● SUPPLIED MATERIAL
+ + + + + + +
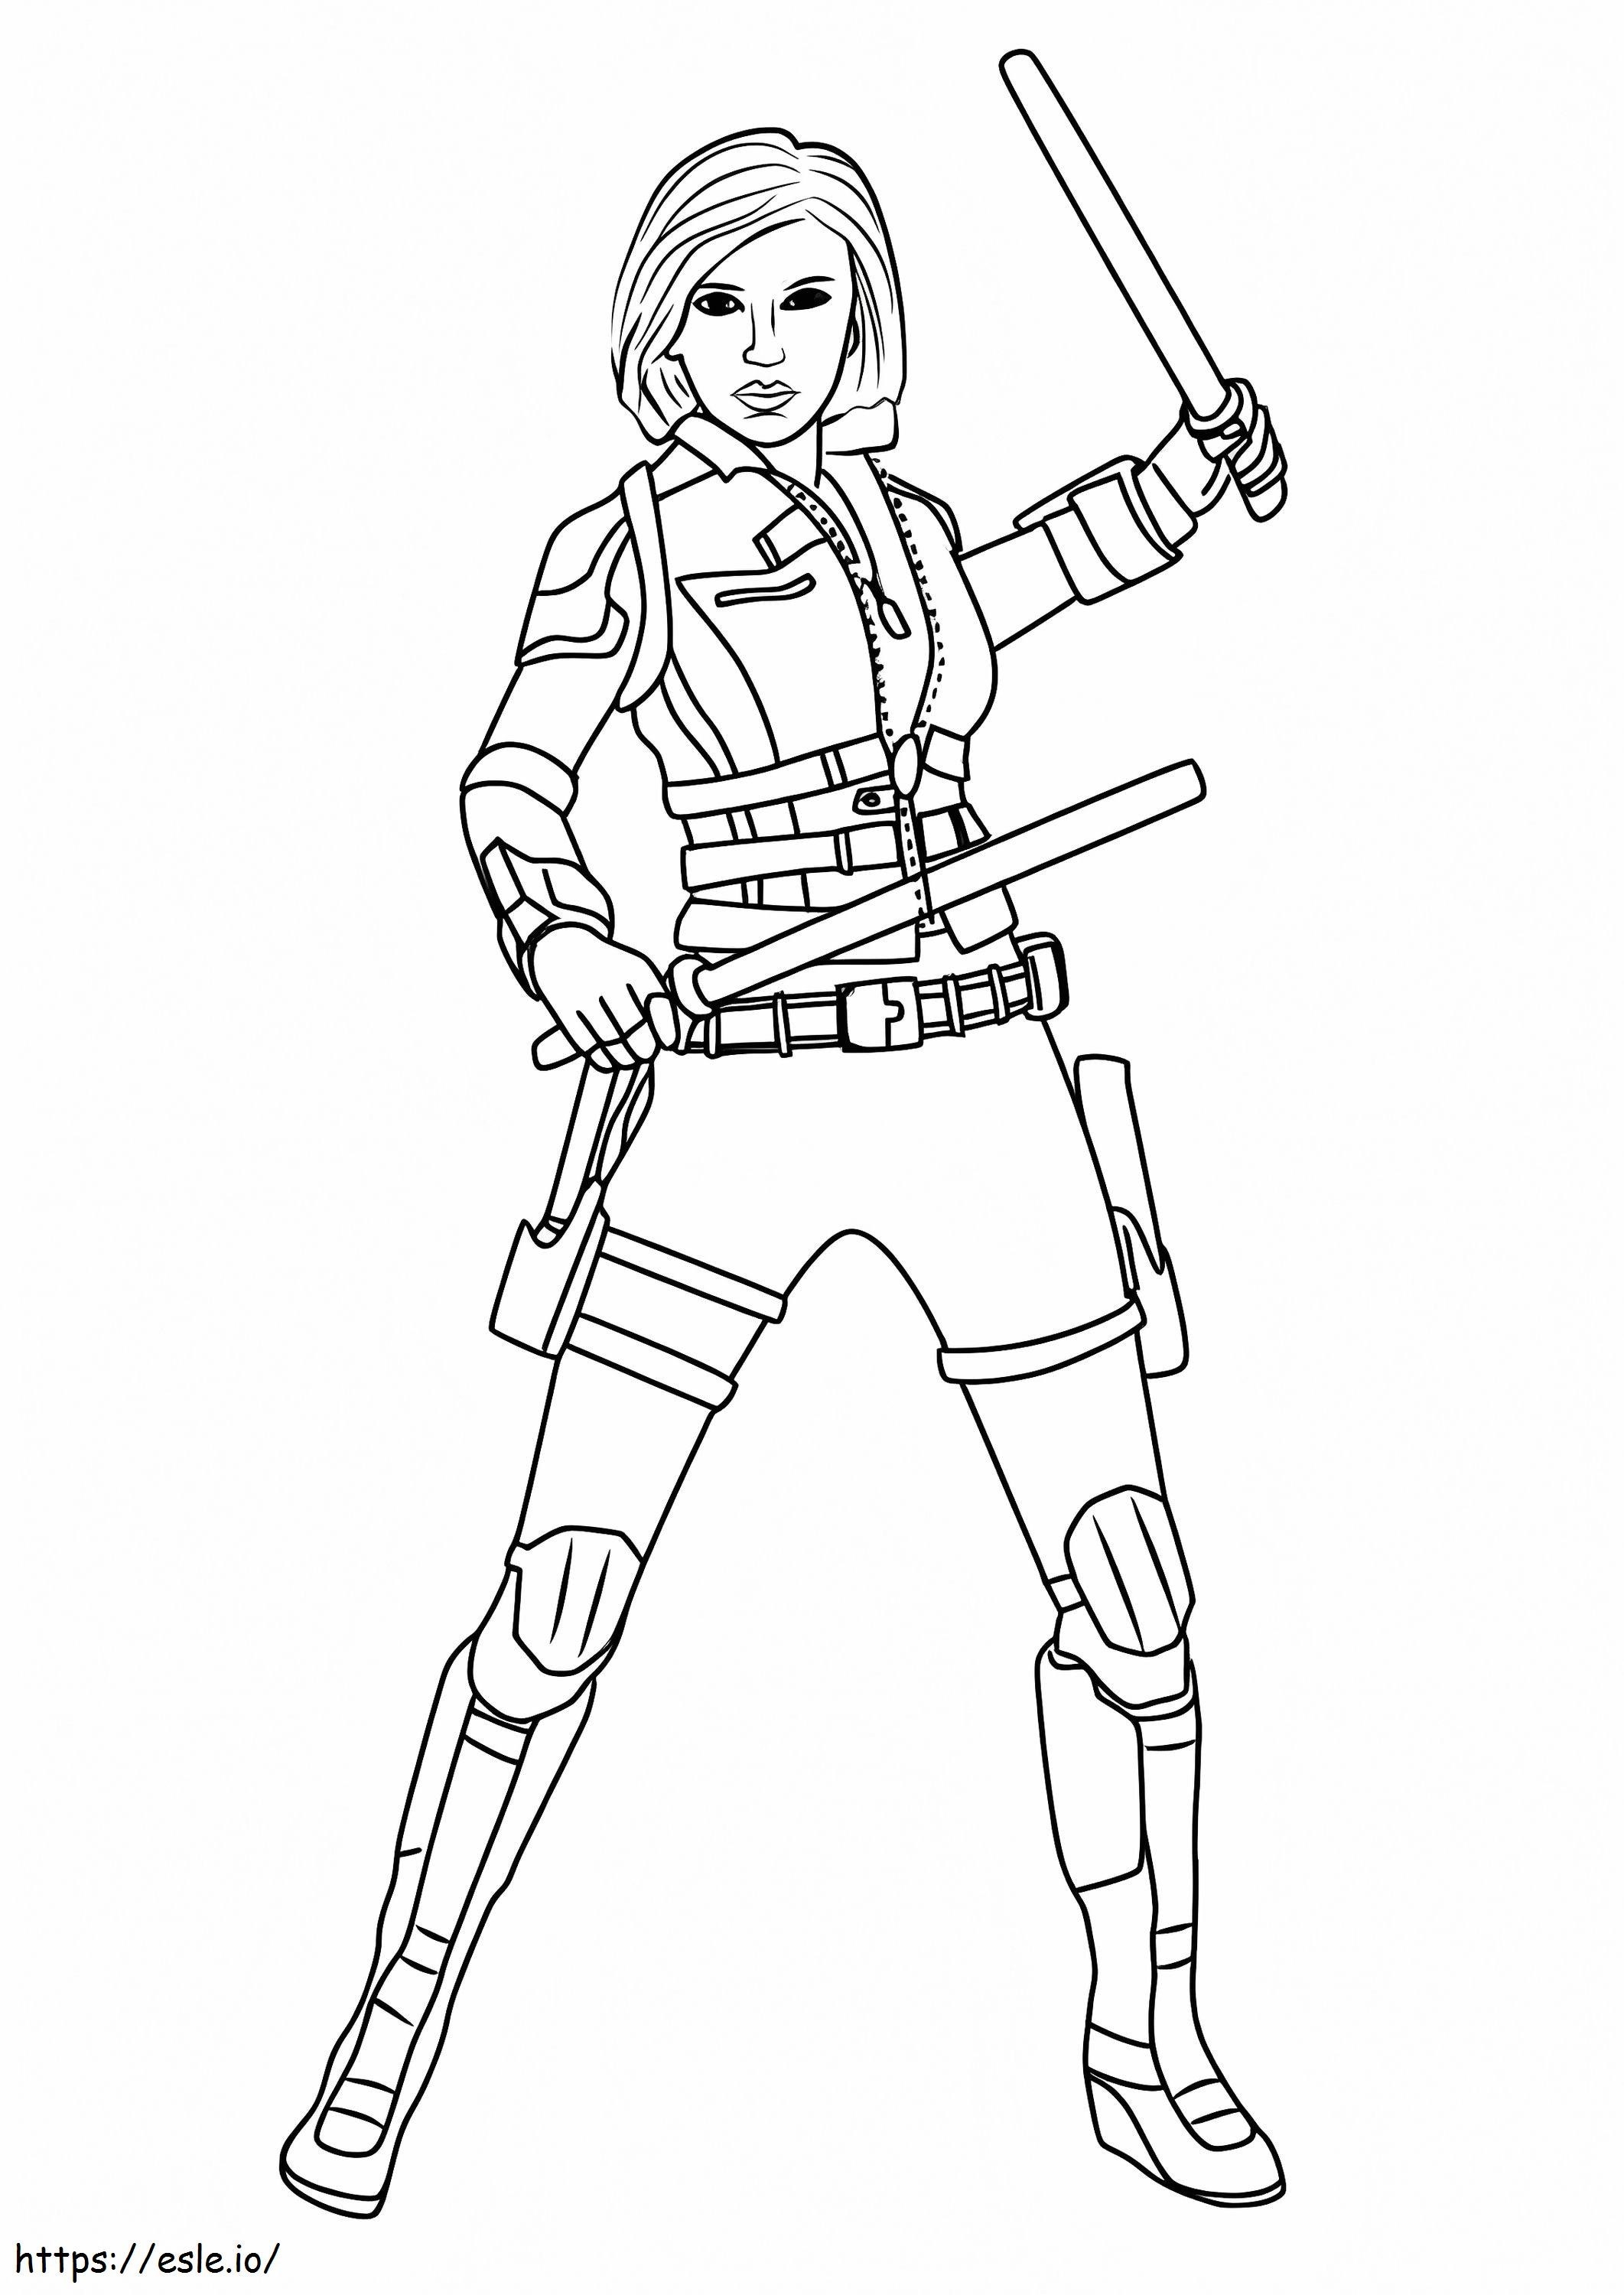 Black Widow Holding Two Sticks coloring page
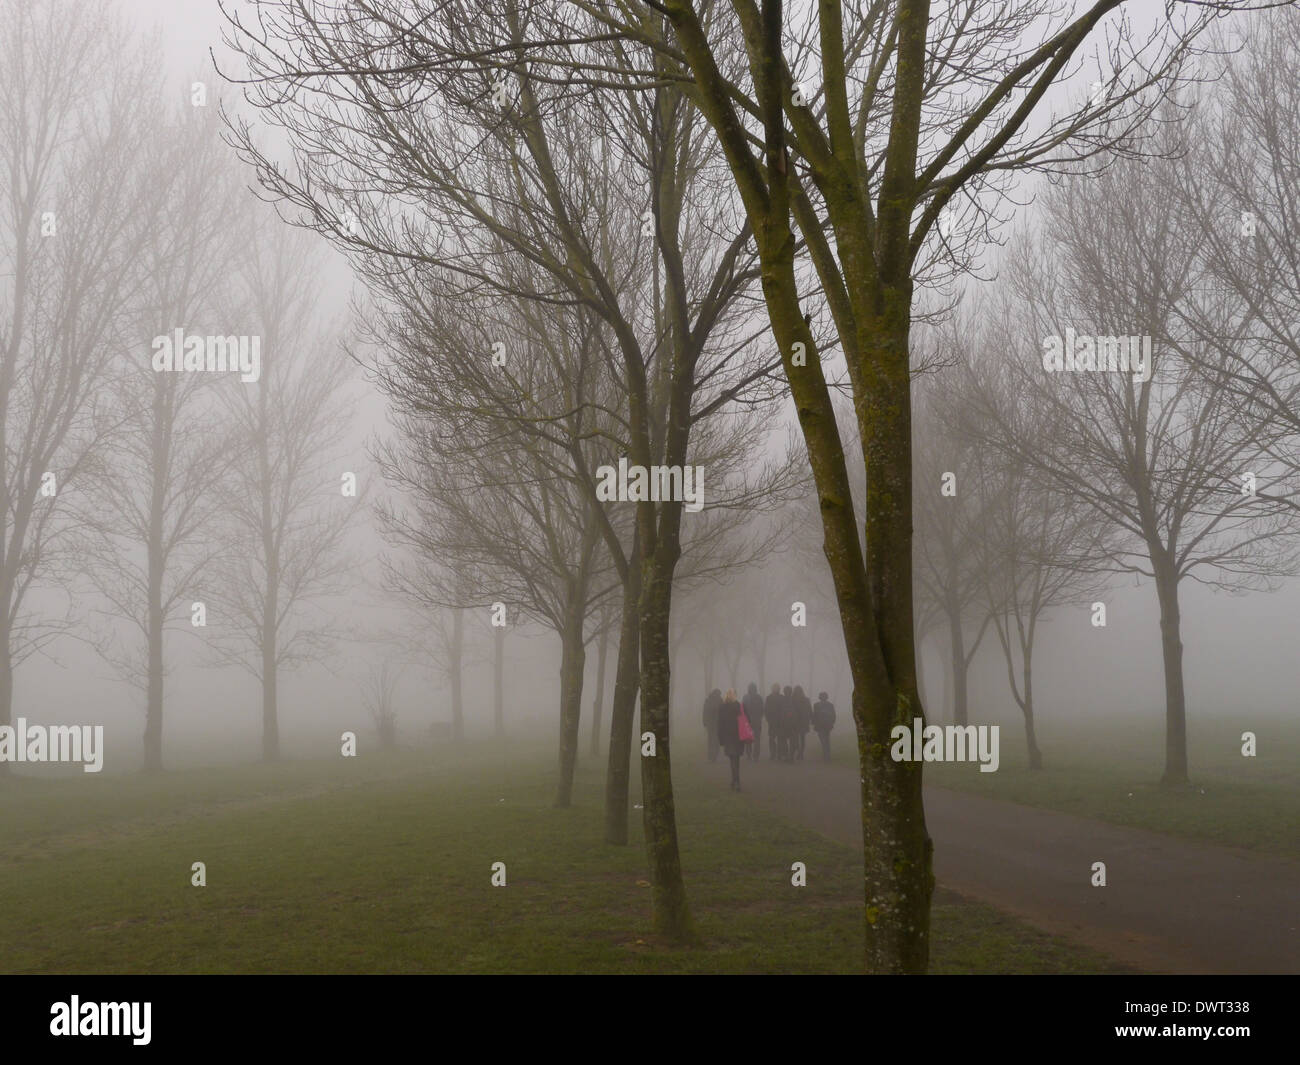 A group of school children walking to school in the fog through the trees Stock Photo
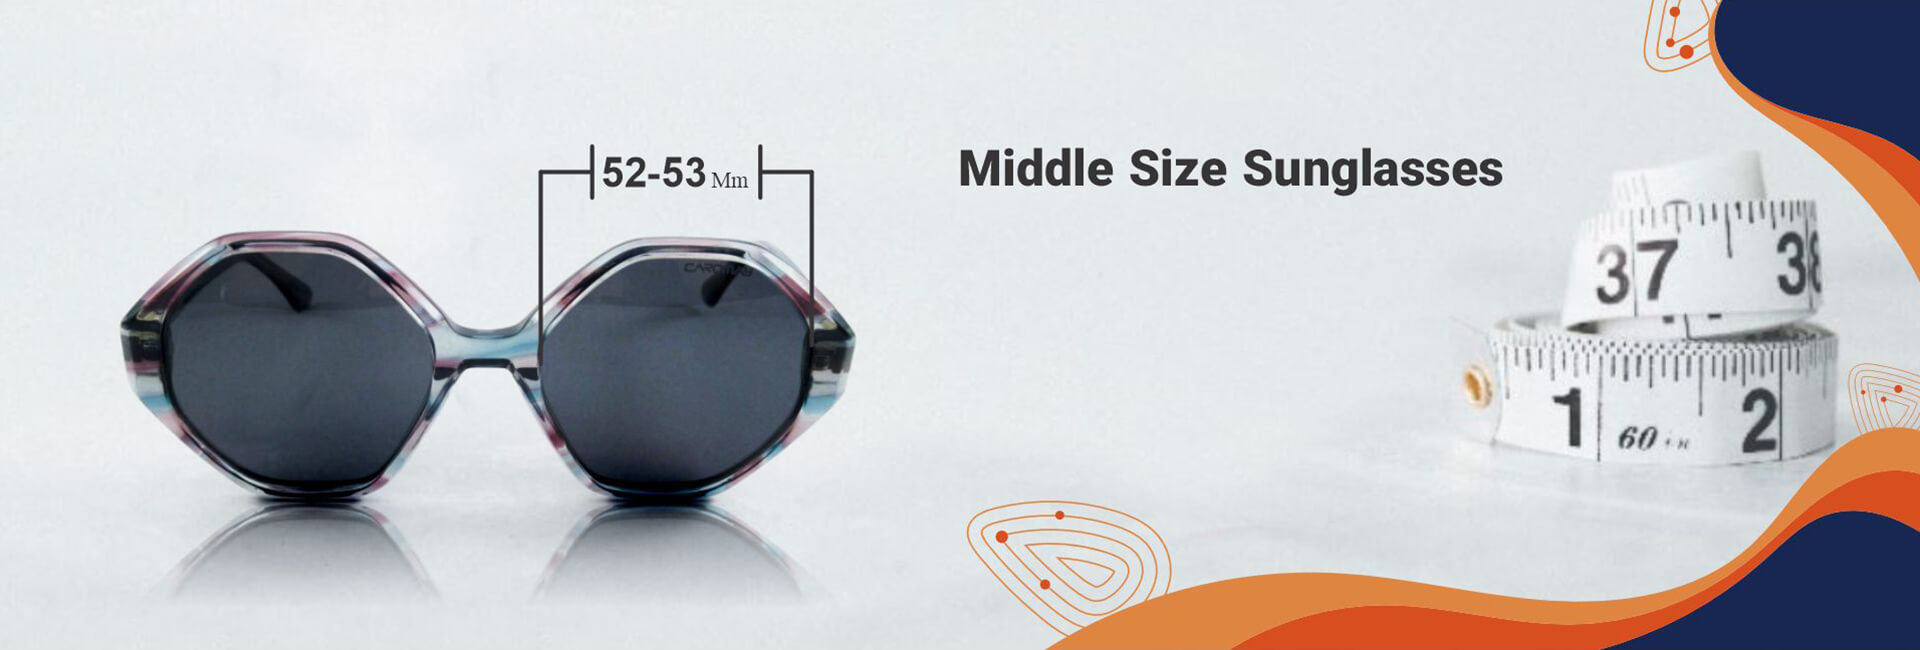 middle size sunglasses
+ + + + + + +
● TASK ITEM
Please write out all of the material above without changing a word, and omit any pictures.

● ANSWER TO THE PROBLEM
 Black Widow Holding Two Sticks coloring page
 A group of school children walking to school in the fog through the trees Stock Photo
 middle size sunglasses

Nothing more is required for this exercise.